In the description of the present invention, it is to be understood that the terms "central," "longitudinal," "lateral," "upper," "lower," "front," "rear," "left," "right," "vertical," "horizontal," "top," "bottom," "inner," "outer," and the like are used in the orientation or positional relationship indicated in the drawings, which are merely for convenience in describing the invention and to simplify the description, and are not intended to indicate or imply that the referenced device or element must have a particular orientation, be constructed and operated in a particular orientation, and are therefore not to be construed as limiting the invention. Furthermore, the terms "first", "second", etc. are used for descriptive purposes only and are not to be construed as indicating or implying relative importance or implicitly indicating the number of technical features indicated. Thus, a feature defined as "first," "second," etc. may explicitly or implicitly include one or more of that feature. In the description of the invention, the meaning of "a plurality" is two or more unless otherwise specified.

In the description of the invention, it is to be noted that, unless otherwise explicitly specified or limited, the terms "mounted", "connected" and "connected" are to be construed broadly, e.g. as being fixed or detachable or integrally connected; can be mechanically or electrically connected; they may be connected directly or indirectly through intervening media, or they may be interconnected between two elements. The specific meaning of the above terms in the creation of the present invention can be understood by those of ordinary skill in the art through specific situations.

The invention will be described in detail with reference to the following embodiments with reference to the attached drawings.

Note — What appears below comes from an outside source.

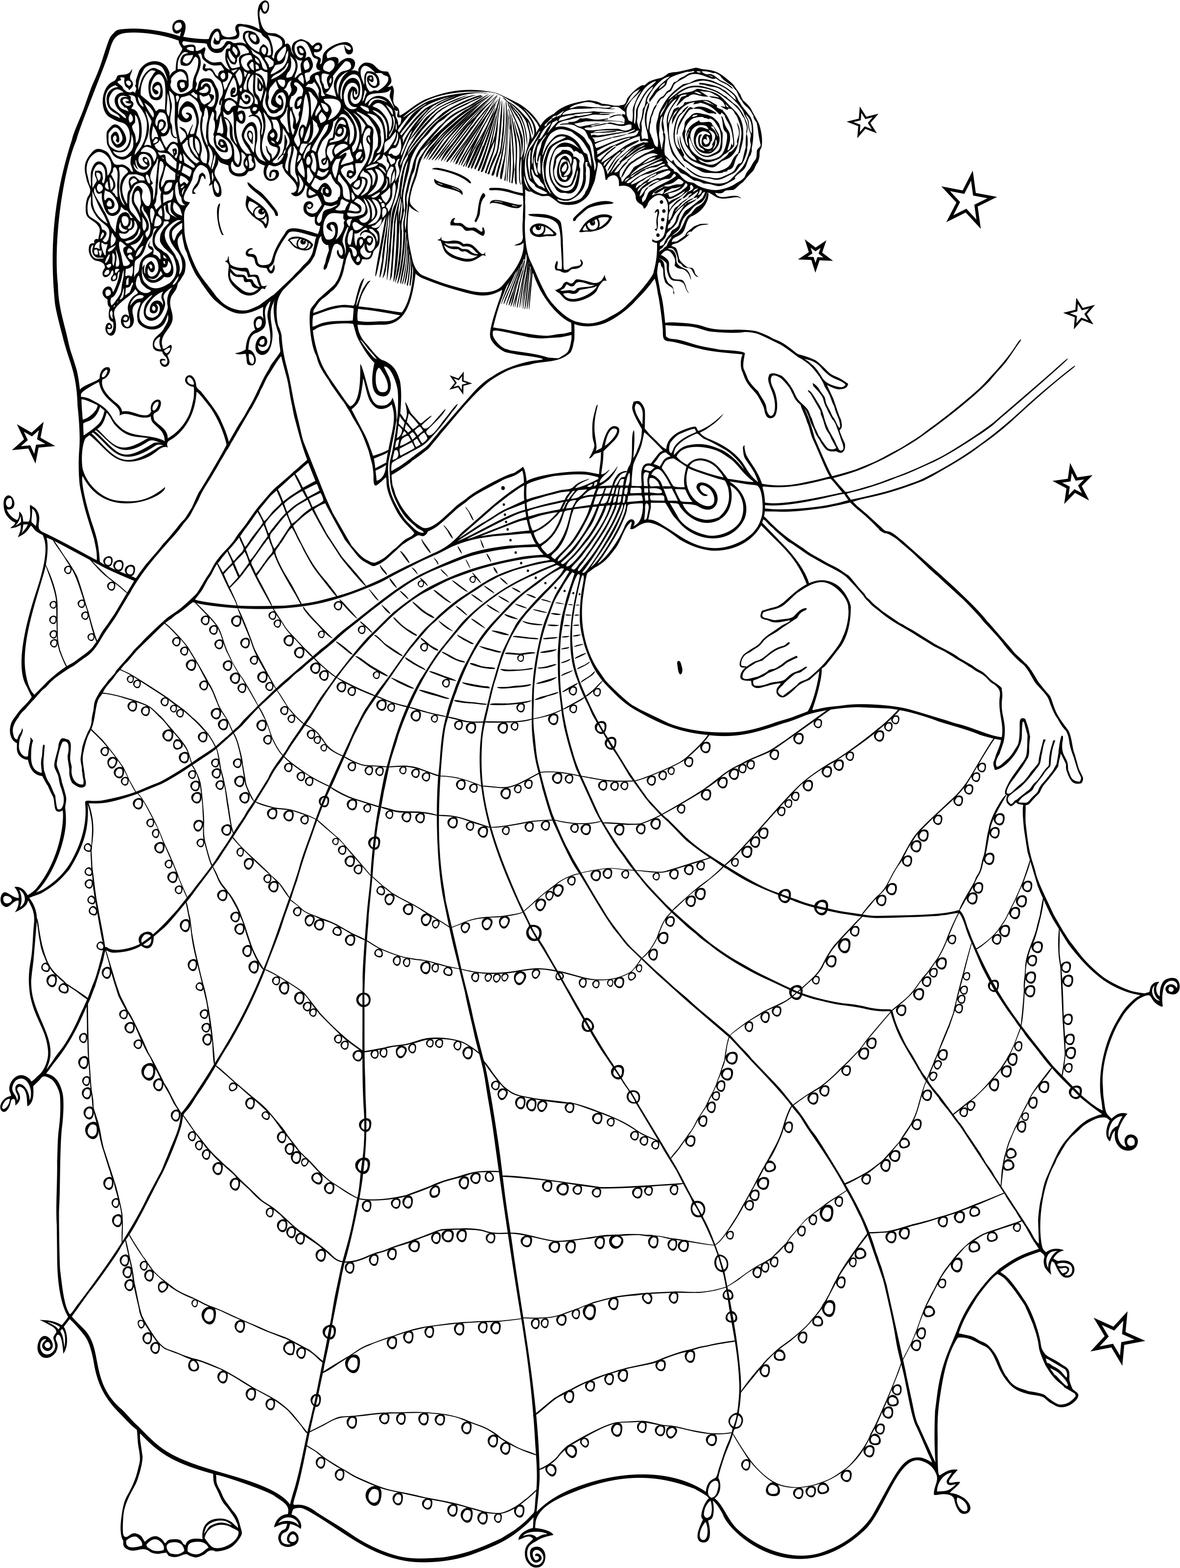 15. sisters of joy

As shown in fig. 2, the device for evaluating the gas production rate in the soft package cell pre-charging process based on three-dimensional laser scanning comprises a three-dimensional scanner 1 and a soft package cell clamp 2;

soft-packaged electrical core anchor clamps 2 are for having the mechanical fixture of flexible function, and electric core pre-charging groove 3 is established in the flexible orbit department of soft-packaged electrical core anchor clamps 2, and three-dimensional scanner 1 arranges soft-packaged electrical core anchor clamps one side in and can scan this soft-packaged electrical core anchor clamps 2 position departments, and the soft-packaged electrical core that treats the aassessment is scanned and is detected by soft-packaged electrical core anchor clamps 2 centre gripping.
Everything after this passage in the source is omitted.